SUPPLIED MATERIAL =
-*-*-

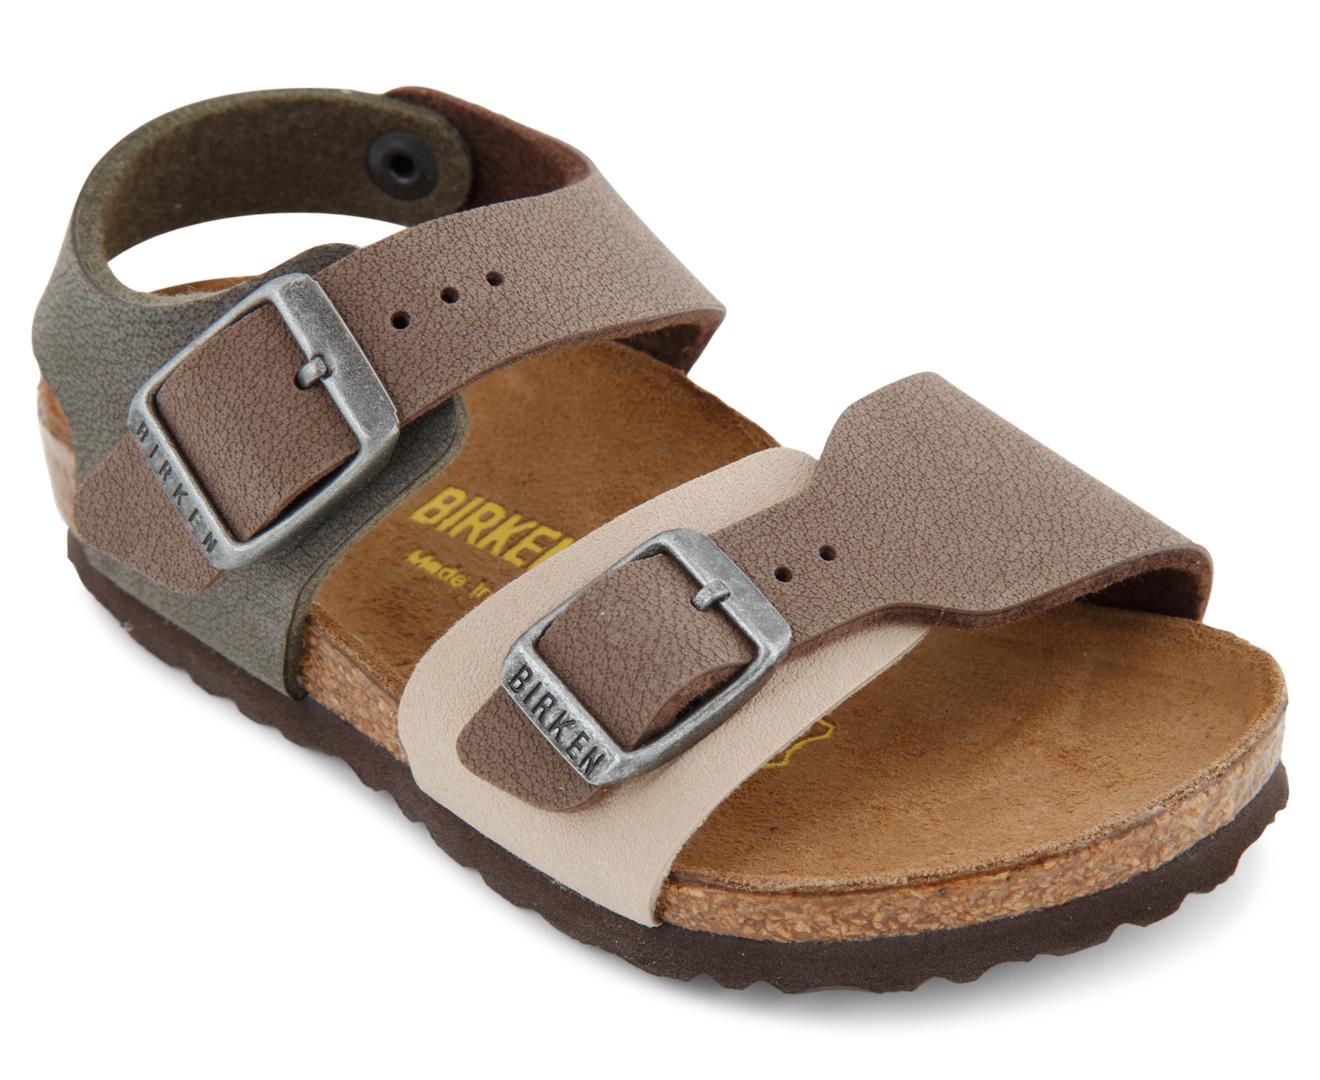 64a99a32904 Birkenstock Gizeh Fringe Sale Brand Shoes On Sale
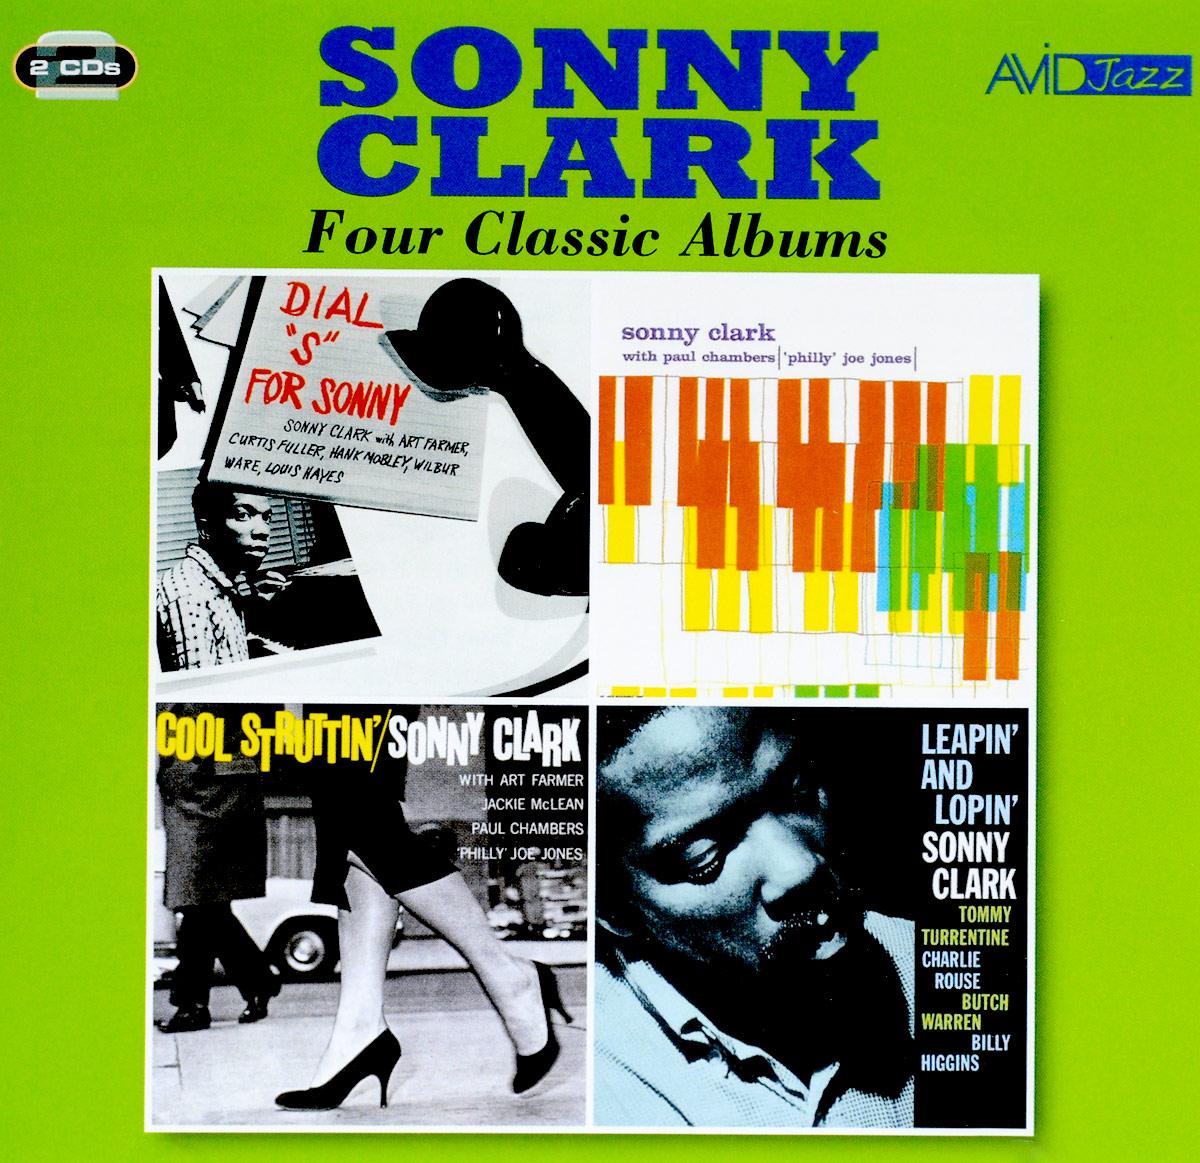 Сонни Кларк Sonny Clark. Four Classic Albums (2 CD) уинтон келли avid jazz wynton kelly four classic albums 2 cd
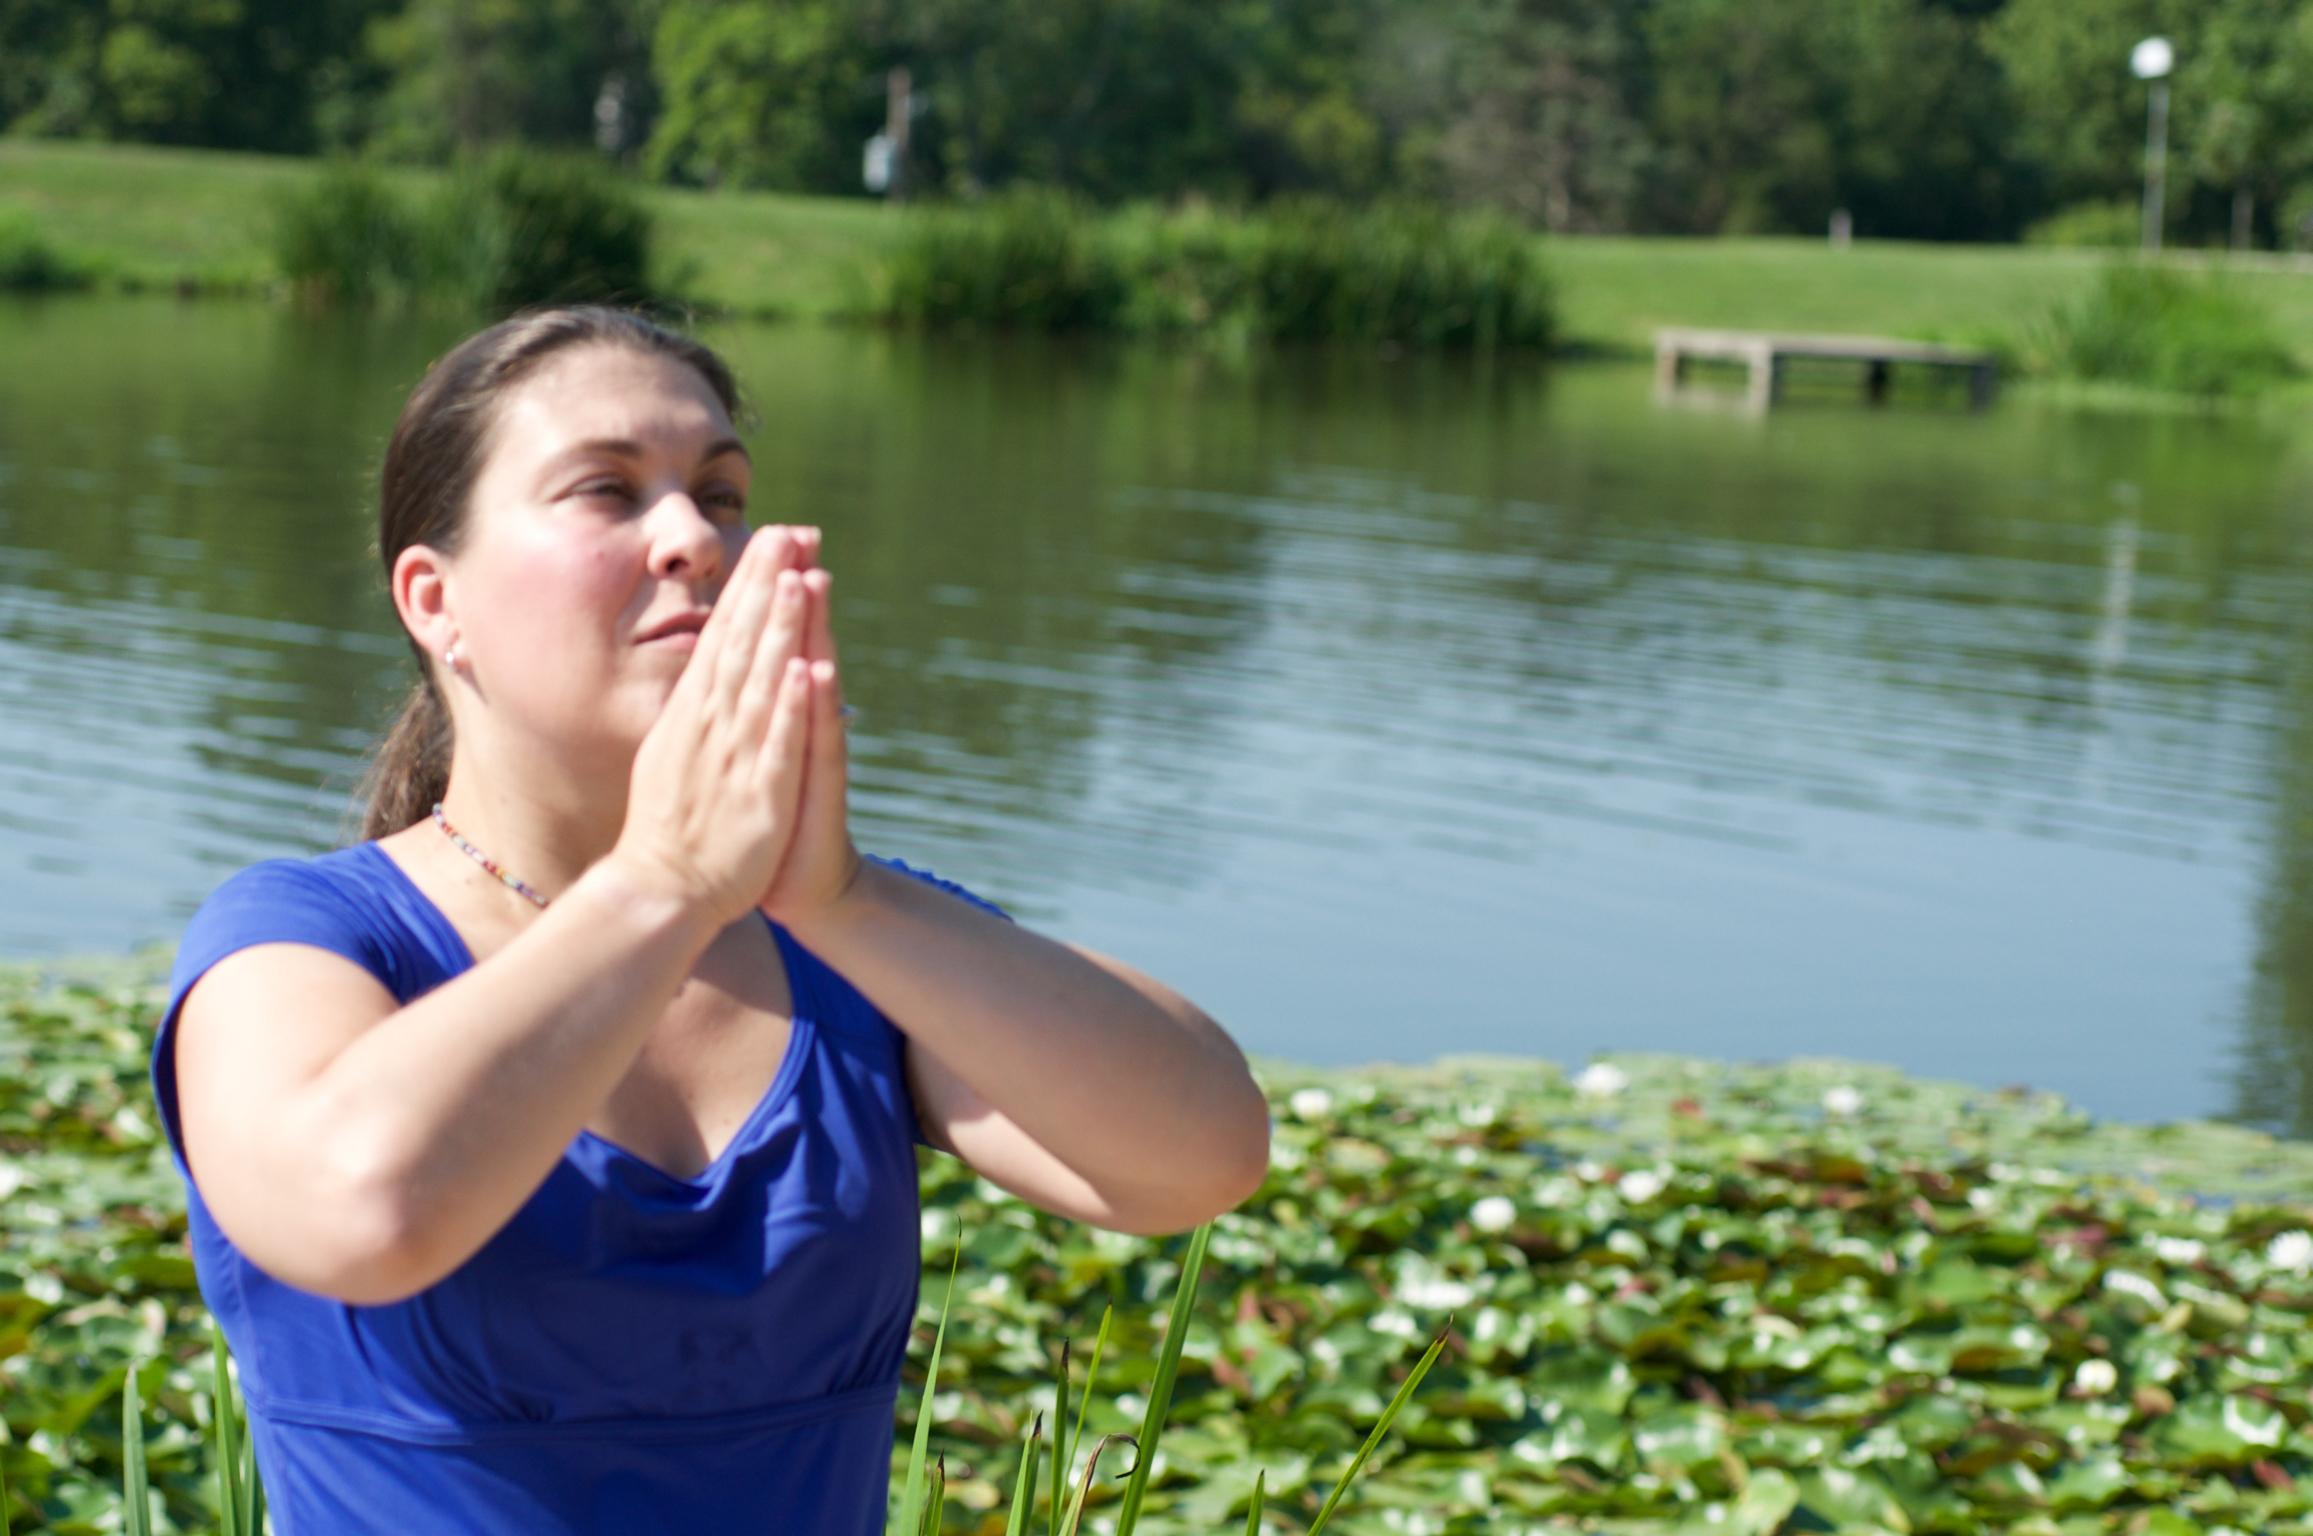 It's Your Yoga Journey

-*-*-

WHAT YOU HAVE TO DO = Exactly the lines from the one with "Сонни Кларк Sonny" to the last line of the listing are wanted, both ends included and pictures excluded.

ANSWER TO THE EXERCISE =
 Сонни Кларк Sonny Clark. Four Classic Albums (2 CD) уинтон келли avid jazz wynton kelly four classic albums 2 cd
 It's Your Yoga Journey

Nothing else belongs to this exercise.